The Melville-Nelles-Hoffmann Environmental History Lecture is an annual speaking event hosted by the Department of History at York University. It is generously supported by two of the History Department’s founding environmental history professors, H.V. Nelles and Richard Hoffmann and it honours the memory of the late Elinor Melville, our colleague and leading researcher in the field of Mexican environmental history.
2023 Lecture
Coping With Climate Change: Can the Past Teach Us How to Survive the Future?

The Famine Stela, Sehel Island, Egypt
Dagomar Degroot, Associate Professor of Environmental History, Department of History, Georgetown University
Date: October 26, 2023

Hawkin’s “warming stripes,” a representation of past, present, and future climate change
Dagomar Degroot
Dagomar Degroot is an associate professor of environmental history at Georgetown University. His first book, The Frigid Golden Age, was published by Cambridge University Press in 2018 and named by the Financial Times as one of the ten best history books of that year.

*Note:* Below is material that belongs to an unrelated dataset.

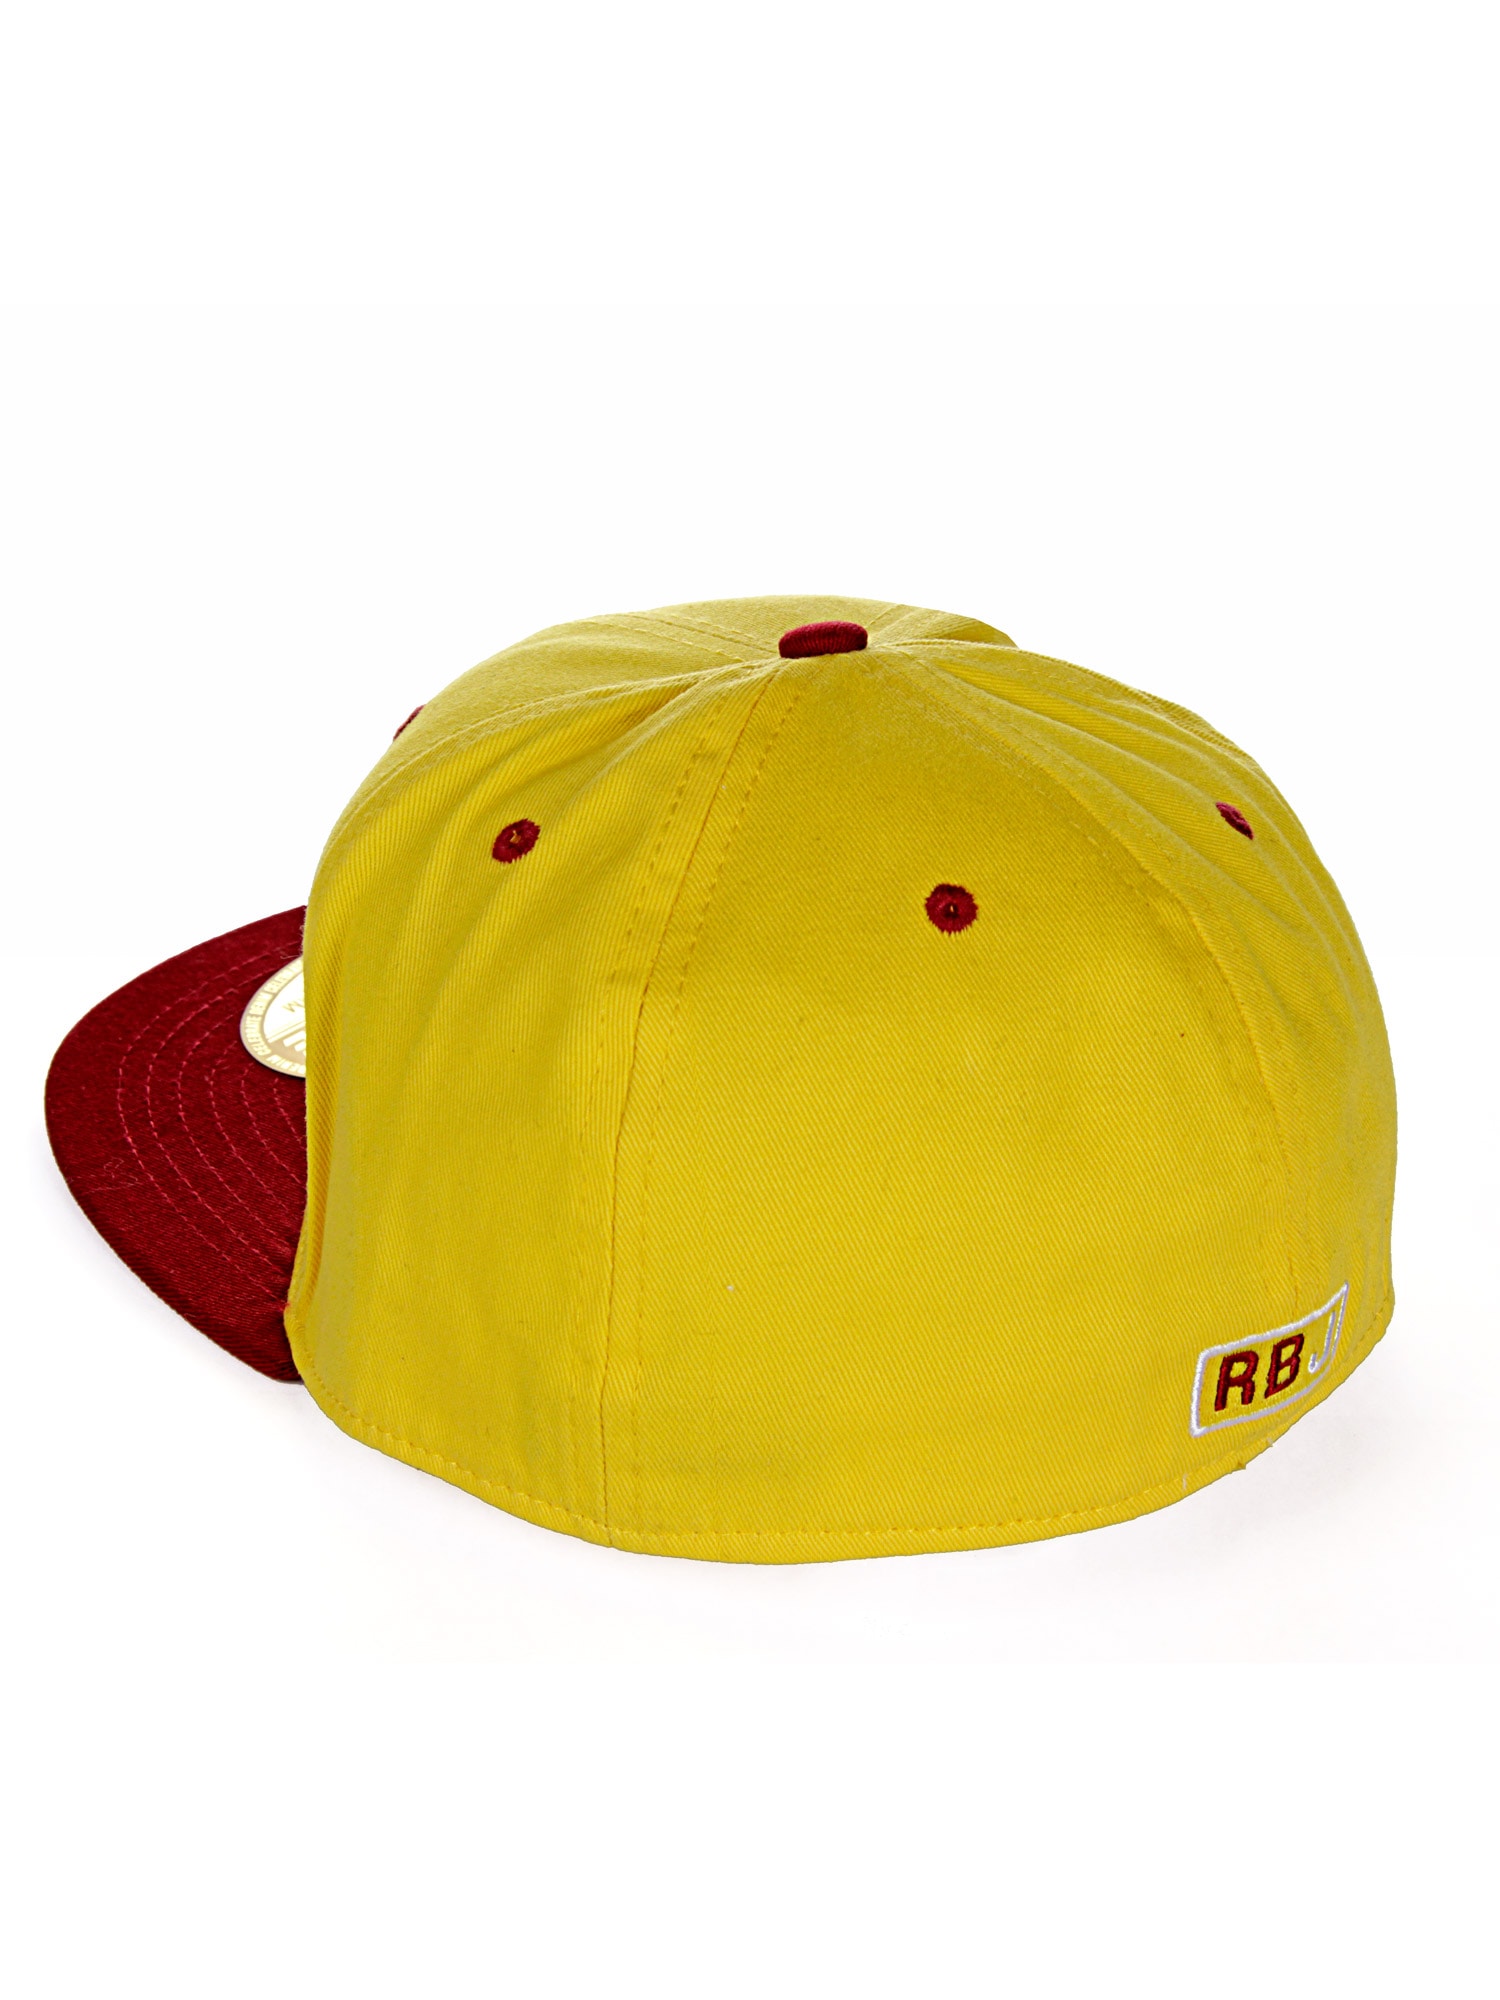 RedBridge Baseball Cap »Durham« mit kontrastfarbigem Schirm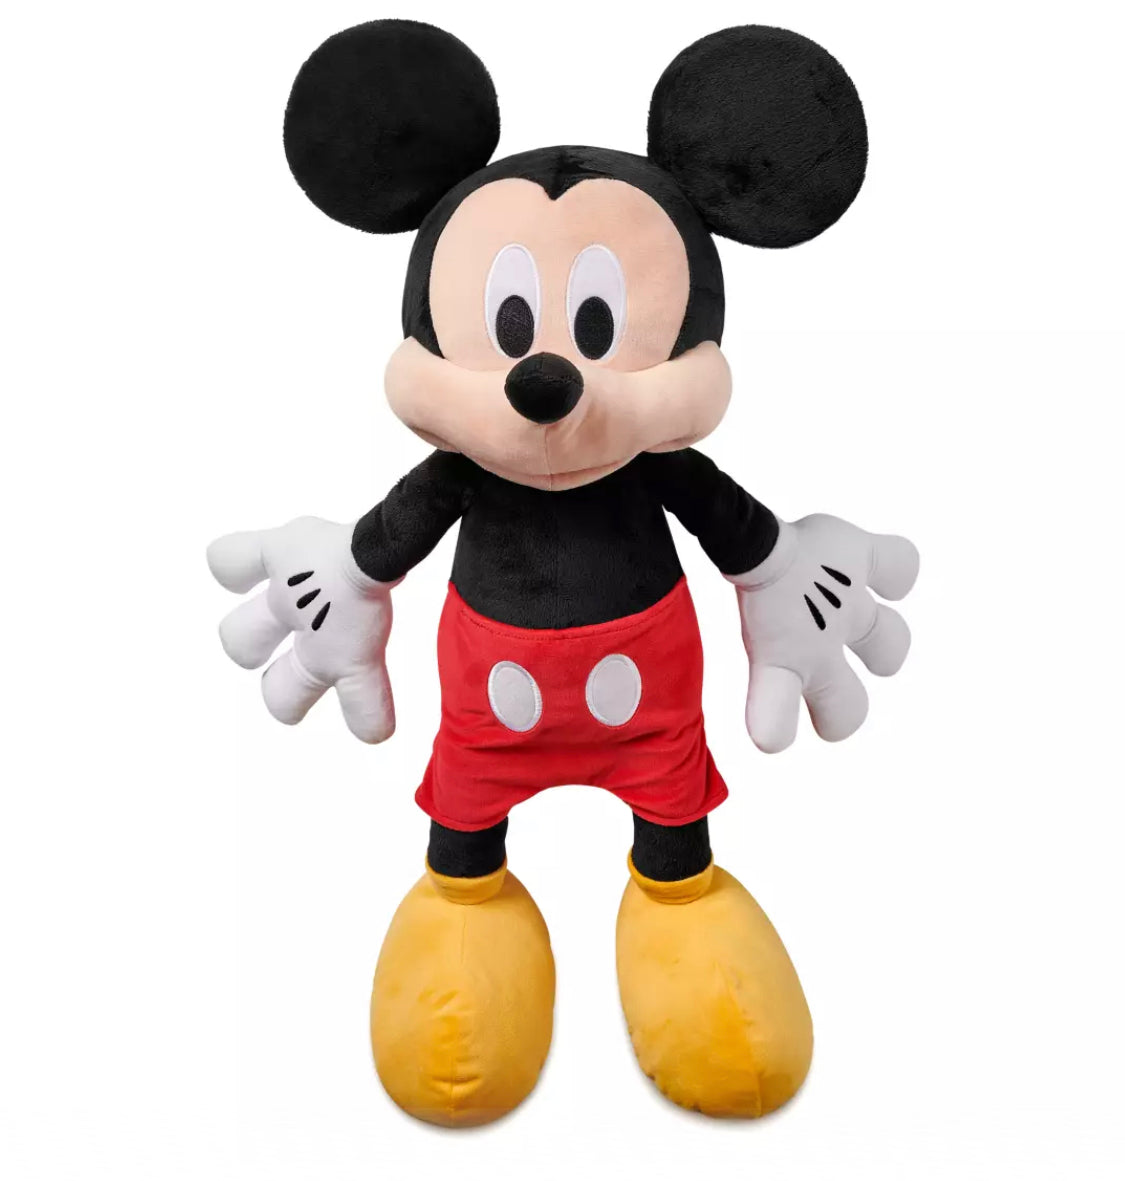 Disney Mickey Mouse Plush Toy - Large

His forthcoming book, Ripples on the Cosmic Ocean, is under contract with Harvard University Press and Viking, and he is editing three books on past climate change - including the Oxford Handbook of Resilience in Climate History. Degroot publishes equally in historical and scientific journals, including Nature and the American Historical Review, and writes for a popular audience in, for example, the Washington Post, Aeon Magazine, and The Conversation.
He maintains popular online resources on the history of climate change, and has shared the unique perspectives of the past with policymakers, corporate leaders, and journalists in many cities, from Wuhan to Washington, DC.